One team executive said his club’s single-game ticket revenue was up 35 percent, which translates into several million dollars for that team.

The Rams since Aug. 1 have adjusted lower-level prices for their Nov. 15 home game three times.
Photo by: GETTY IMAGES
Jake Bye, the St. Louis Rams’ vice president of tickets and premium seating, said 10 percent of his team’s overall seats are now dynamically priced.

“Revenue has been significant,” Bye said.

For the Rams’ Nov. 15 game against Chicago, for example, prices have been adjusted three times.

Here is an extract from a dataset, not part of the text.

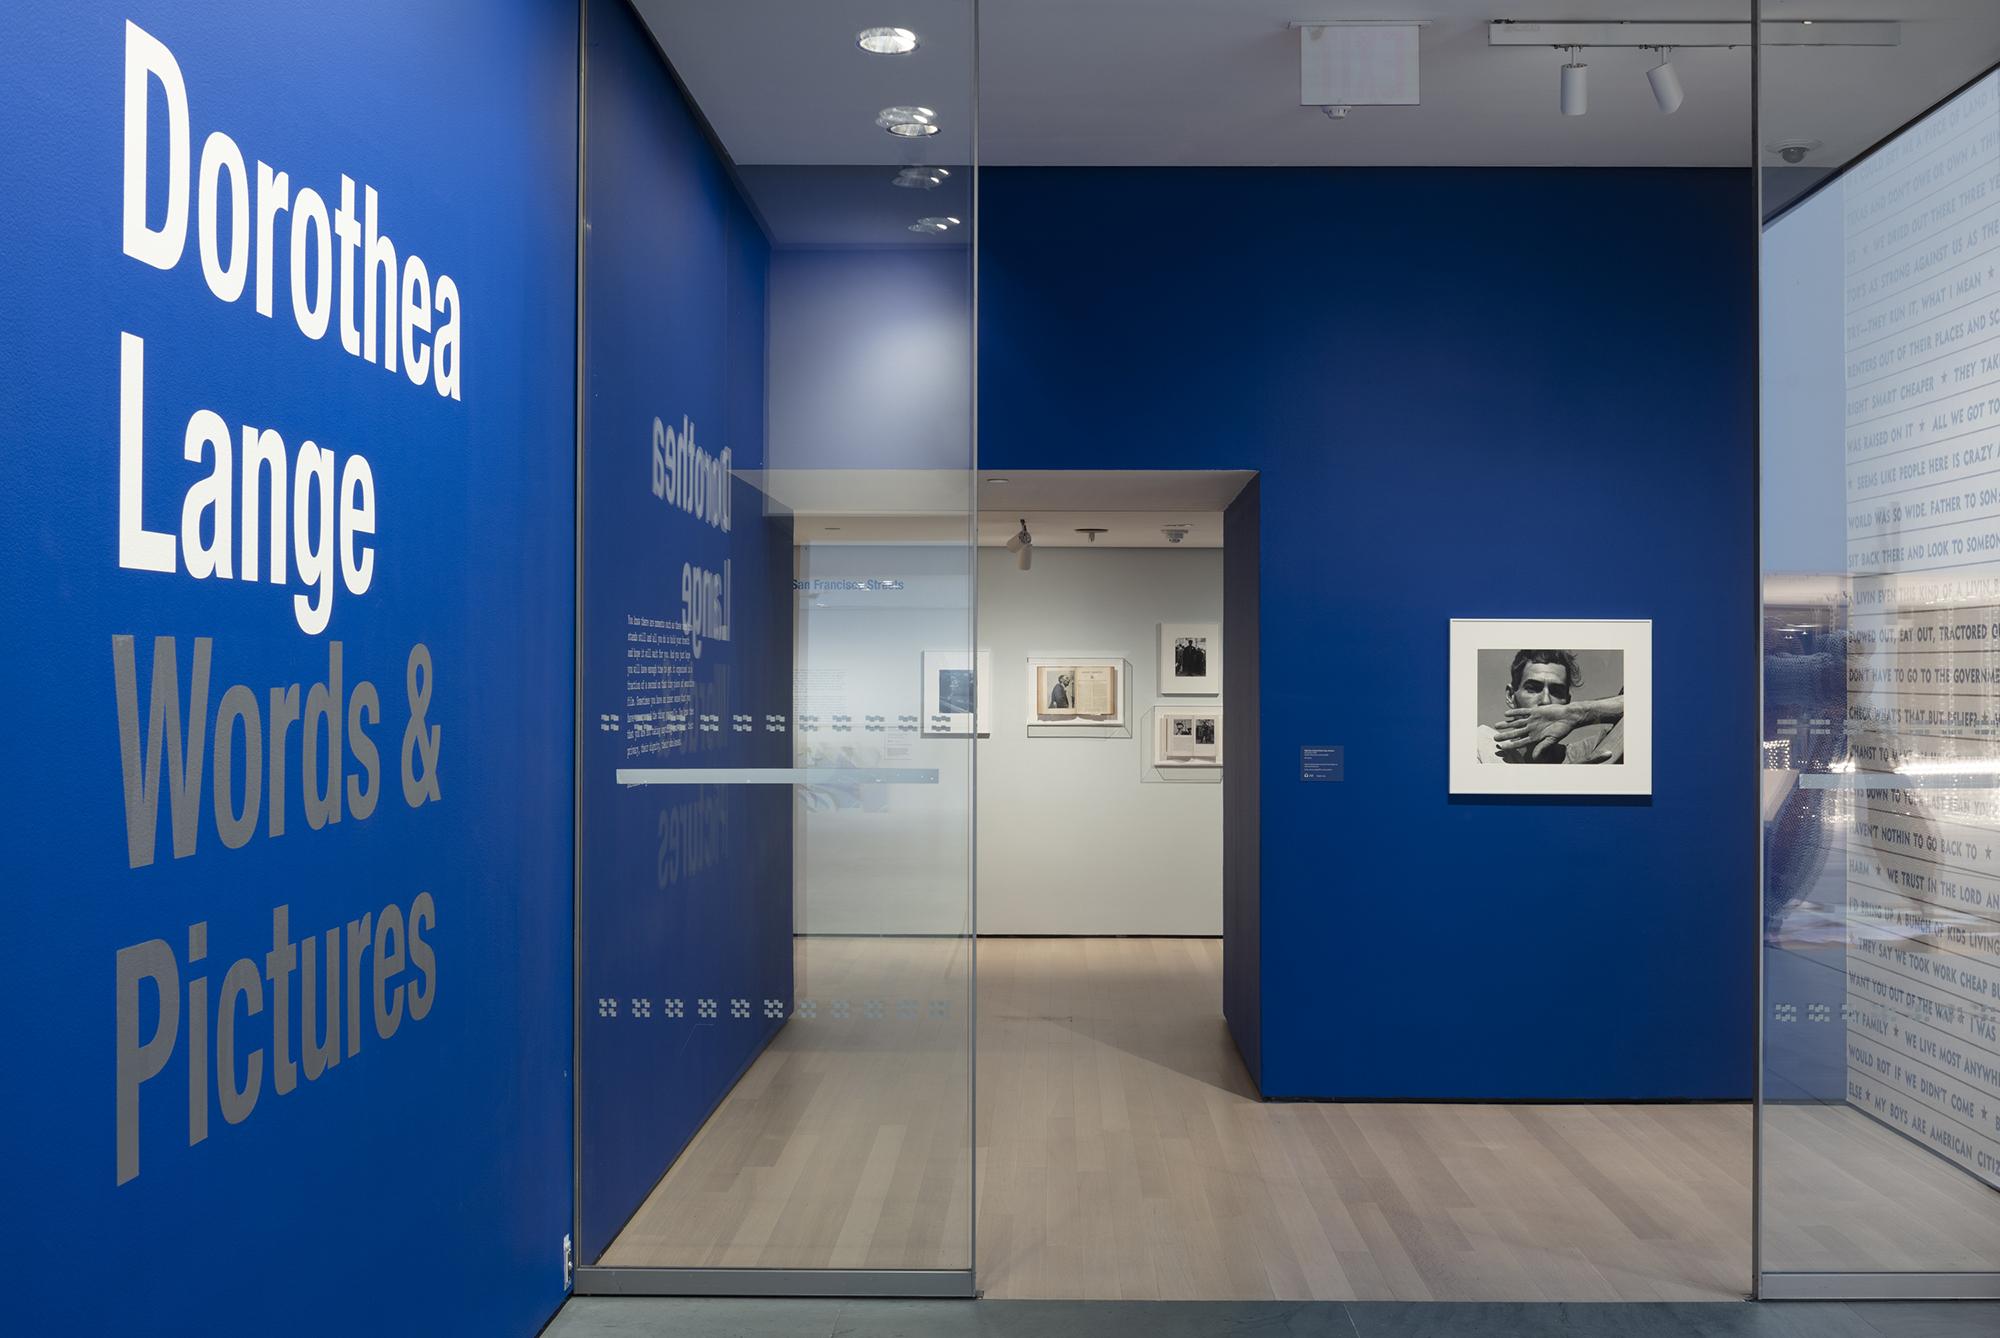 Dorothea Lange: Words & Pictures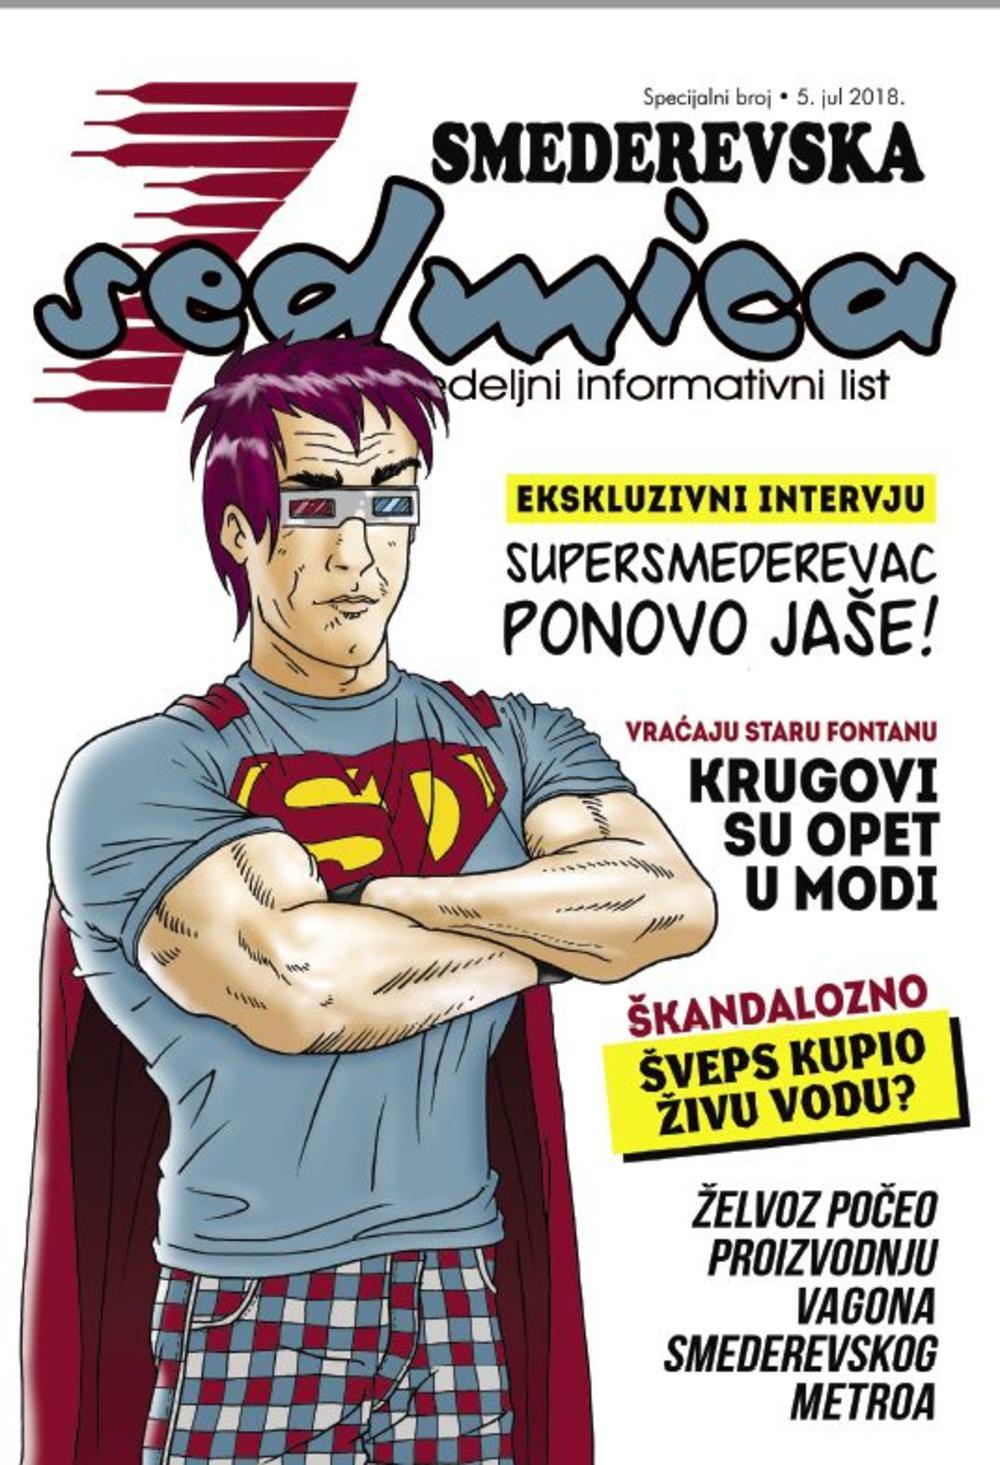 foto: Supersmederevac, Ivan Tobić, Miloš Trajković Buci

A lower-level, 20-yard-line seat originally was priced at $134. On Aug. 1, that price became $168. It increased further, to $210, on Sept. 1 and then to $222 on Oct. 12.

The team consults with Ticketmaster, which offers pricing analytics to determine how to set the values, Bye said.

Tom Garfinkel, president of the Miami Dolphins, said, “We have seen an increase in ticket revenue over the same time last year based on dynamic pricing.”

All of the teams contacted said they would not allow the value of their dynamically priced tickets to fall below the face value of season tickets in the event demand shriveled, a concern that owners had voiced in the past. There were other reasons the NFL has been slow to adopt dynamic pricing, as well.

“[T]he NFL has the highest percentage of season tickets and therefore the fewest to sell on an individual basis, which simultaneously makes dynamic pricing less important than other sports and gives teams the most flexibility on prices,” wrote Barry Kahn, CEO of dynamic ticket pricing software firm QCue, in an email.

Indeed, even some of the teams that are using dynamic pricing this year have few seats available. The Pittsburgh Steelers, for example, could sell all seats as season tickets, but they are holding back a small allotment for dynamic pricing. A team spokesman described it as an “experiment” and said that the team could choose to drop the effort in the future. The spokesman declined to disclose how many seats were available.

The Seattle Seahawks, another team that has no trouble selling season tickets, offers less than 3 percent of its seats using dynamic pricing.

There are other issues too. Nearly half of all revenue in the NFL is contractually paid to players. From the portion of ticket revenue that remains after the players’ take, NFL teams then pay one-third of that revenue into a pool that is evenly shared with all league clubs — perhaps taking away some of the incentive to try dynamic pricing.

However, one of the ideas pushed by league staff, led by Brian Lafemina, senior vice president of club business development, is that dynamic pricing helps show season-ticket holders what a good deal they are getting. Lafemina declined to comment, but team executives described the longtime MSG executive’s role in advocating for dynamic pricing.

By allowing teams to charge significantly higher prices for individual games than face value on a season ticket, teams can use that to argue in renewing those annual tickets what a good deal they are, team executives said. This could help offset any concern expressed when season-ticket holders see prices fall below face value on the secondary market.

In the case of the Rams and their Nov. 15 game, the season-ticket price for that game against the Bears is $114, about half the most recent dynamically set single-game ticket price.

Teams have tried to attack the discrepancy between face-value season tickets and lower-priced secondary market seats through variable pricing. Variable pricing allows teams to affix lower prices to their season tickets for less attractive games, so the difference with the secondary market does not appear as stark for those particular games. Similarly, more attractive games carry higher face values. The total season-ticket value stays the same as it would have been absent variable pricing — meaning unlike dynamic pricing, there is no revenue gain for the club.

Staff writers Eric Fisher, John Lombardo and Ian Thomas contributed to this report.